第106話 交渉成立
◇シアナside◇
王城内に入り、そこからは案内役によって案内されるがままに足を進めると、王族専用の客室へと案内された。
「ここからは文字通り王族専用の客室になる、悪いがバイオレットは部屋の前で待っていてもらえるか?」
「承知しました」
レザミリアーナにそう言われたバイオレットが頭を下げてそう言うと、シアナとレザミリアーナはその客室の中へ入った。
そこには、ご年配と思われる白髪の人物が居た……その人物は、ご年配の人にしか出すことのできない穏やかさを表情に出している。
「カティスウェア王、先日ご要望いただいた通り、私の妹である第三王女フェリシア―ナを連れてきました」
その人物のことを見てレザミリアーナがそう言うと、白髪の人物────カティスウェア王は少し驚いた表情で言った。
「ほう、儂はてっきり第二王女様が居らっしゃるのかと考えていましたが、そう参りましたか、わざわざ来てくださりありがとうございます、どうぞ席へお座りください」
そう促され、シアナとレザミリアーナはカティスウェア王の対面になるように座った……そして、カティスウェア王はシアナの方を見て続けて言った。

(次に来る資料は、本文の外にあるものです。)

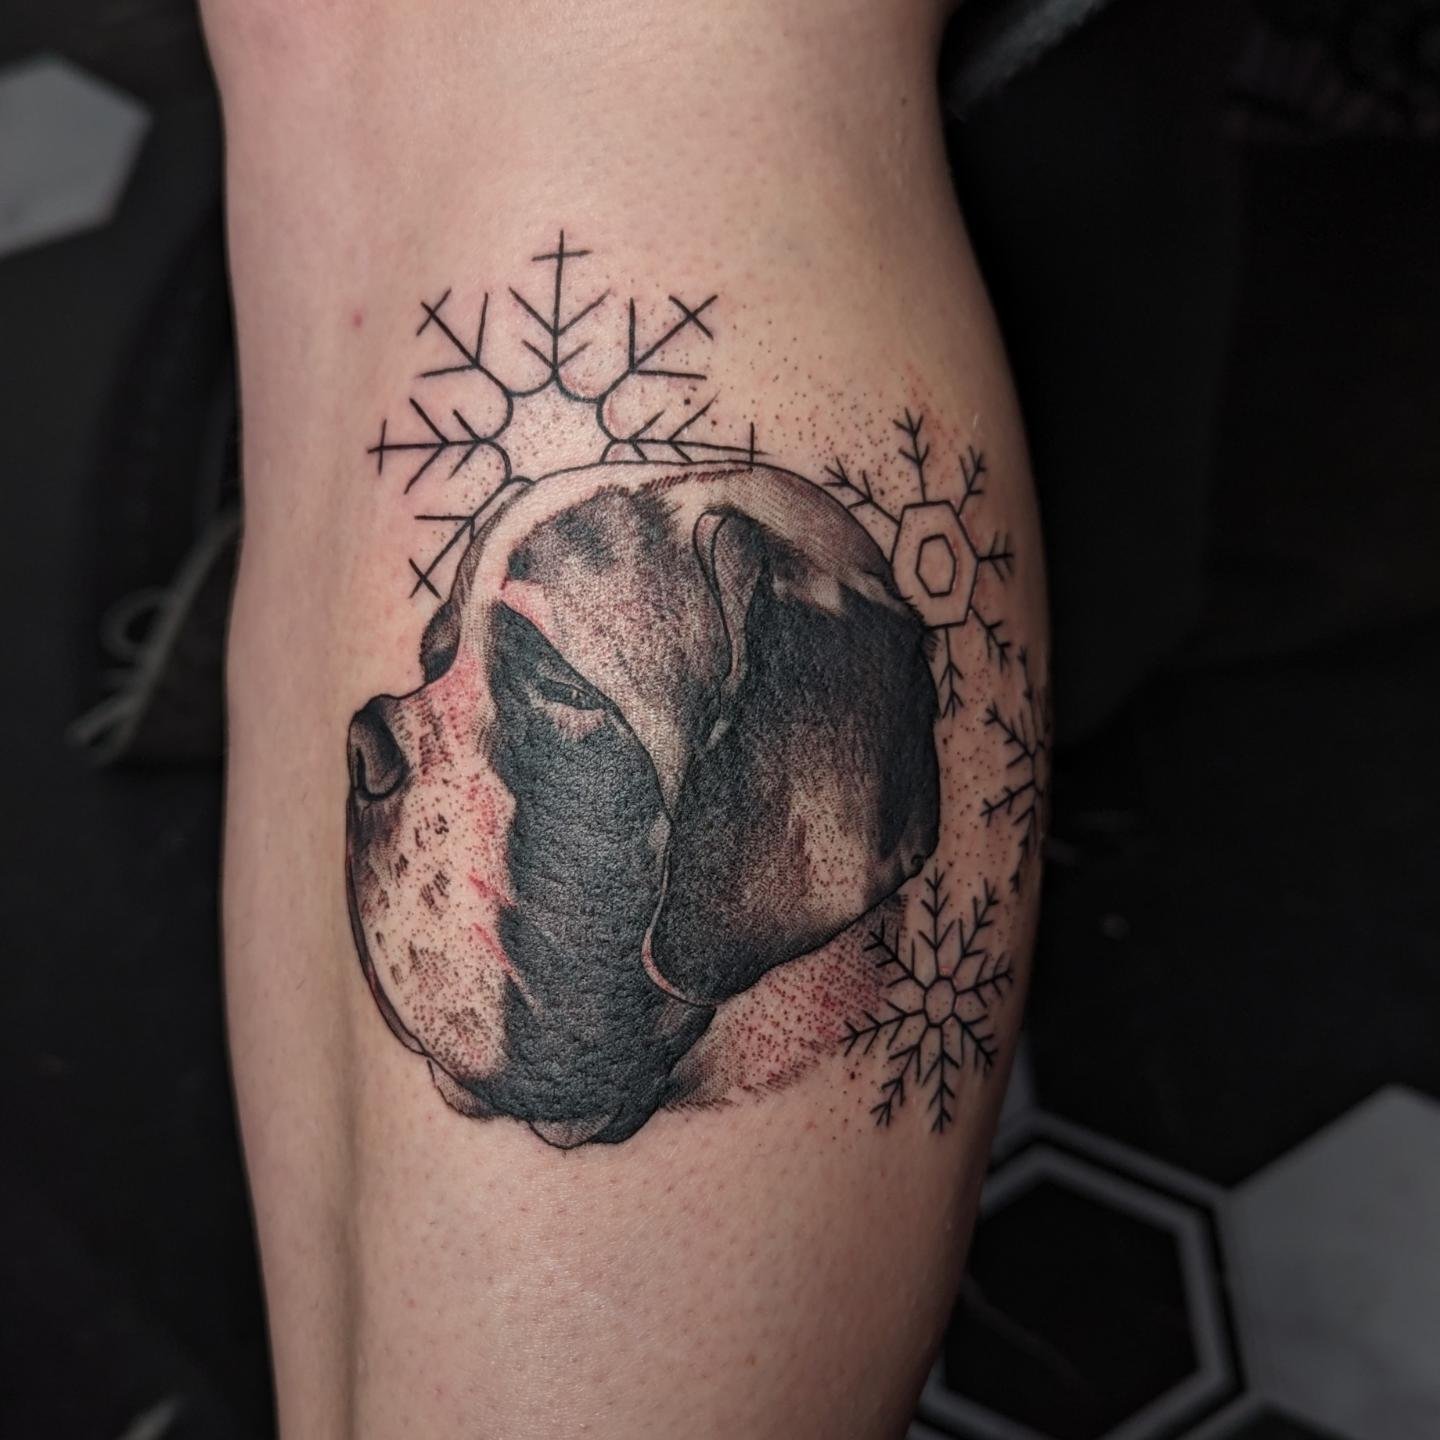 lil St Bernard. more to be added later 🤙 @pepax.official @radiantcolorsink @allegoryink @ttechofficial @masttattoo.official @dragonhawkofficial @biotat_ @tattooproton @mapletattoosupply @eikondevice @rotaryworks
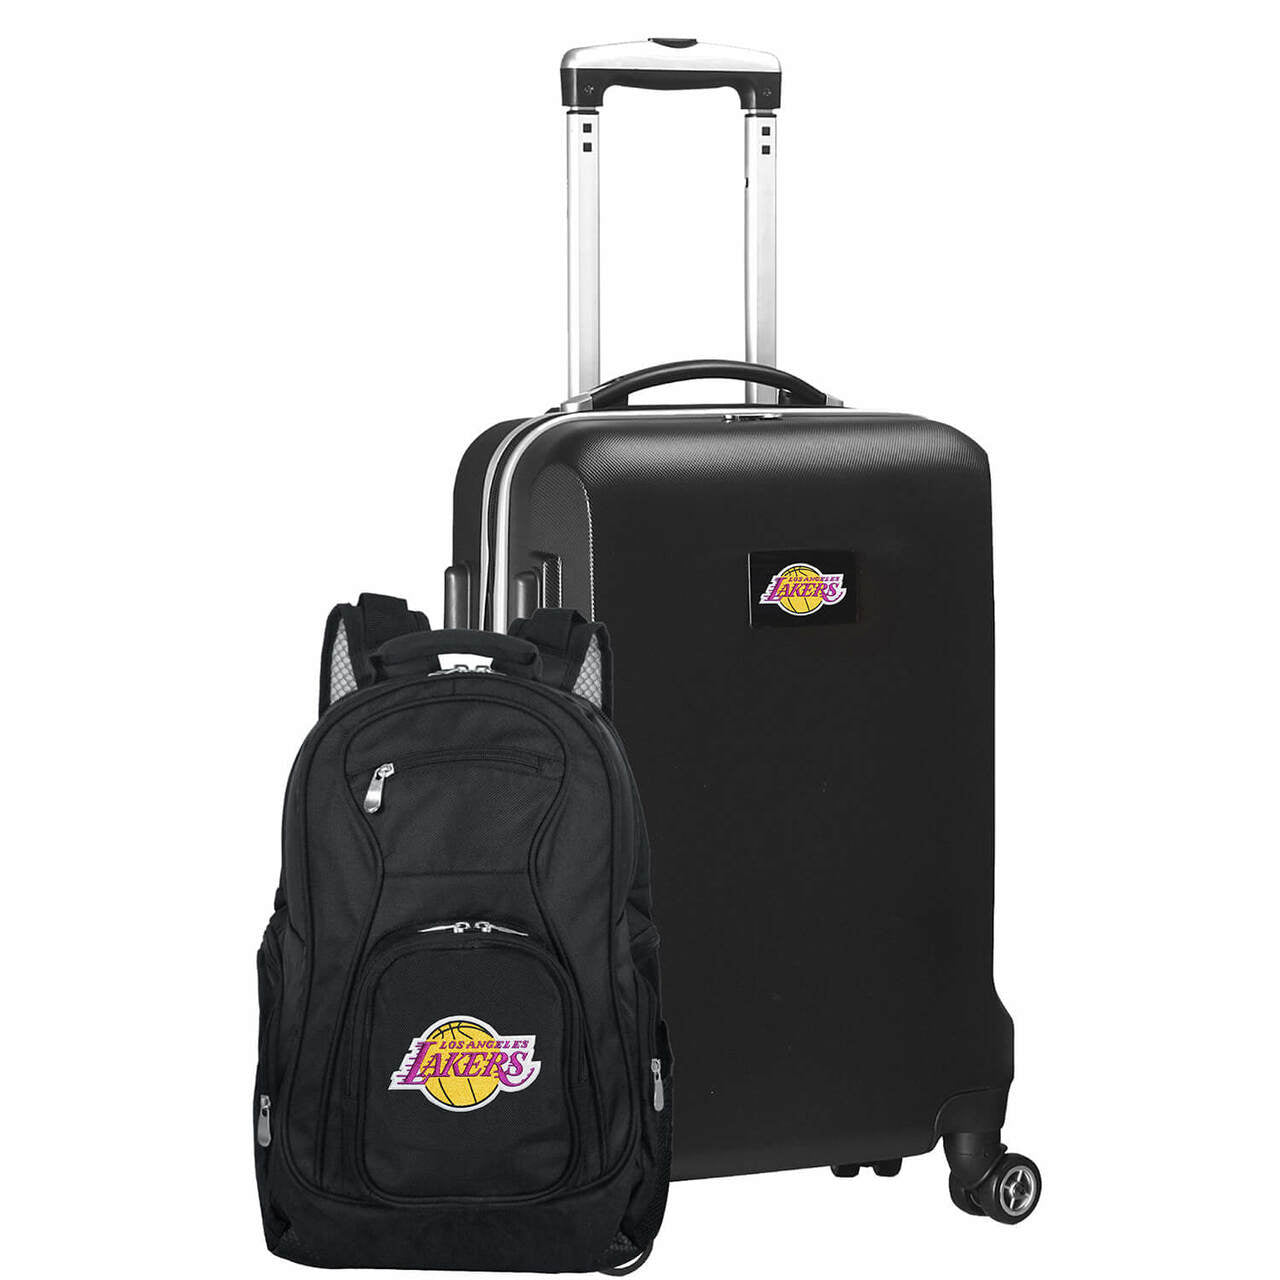 LA Lakers Deluxe 2-Piece Backpack and Carry on Set in Black

「細かい話の方は、先日そちらに居るフェリシア―ナ様の姉、レザミリアーナ様と話させていただいておるから、この場はただ儂のわがままで生まれた場じゃ……どうしても、レザミリアーナ様の妹にお会いしてからレザミリアーナ様の話を受けるかどうか決めたかった」
「……何故、その必要があったのですか?」
シアナが純粋な疑問を投げかけると、カティスウェア王は優しい表情で頷いて答える。
「うむ、貴国は経済から武力まで、とてもバランスよく取れた国で、それを可能としている三人の王女様たちの力には儂も感服しておる……じゃが、レザミリアーナ様からの交渉を引き受けるうえで、どうしても一つだけ懸念点があったのじゃ」
「その懸念点とは?」
「────その王女様たちの全員が、誰も婚約者を決めておらぬということじゃ……一つの国をとても良い方向へ進めている王女様たちの誰も婚約者を決めていないというのは、かなり稀なことだからのう」
確かに、王女が誰も婚約者を決めていないというだけで稀なことなのに、それが一つの国を良い方向へ進めるほど優秀な王女たちともなれば、それは尚更だろう。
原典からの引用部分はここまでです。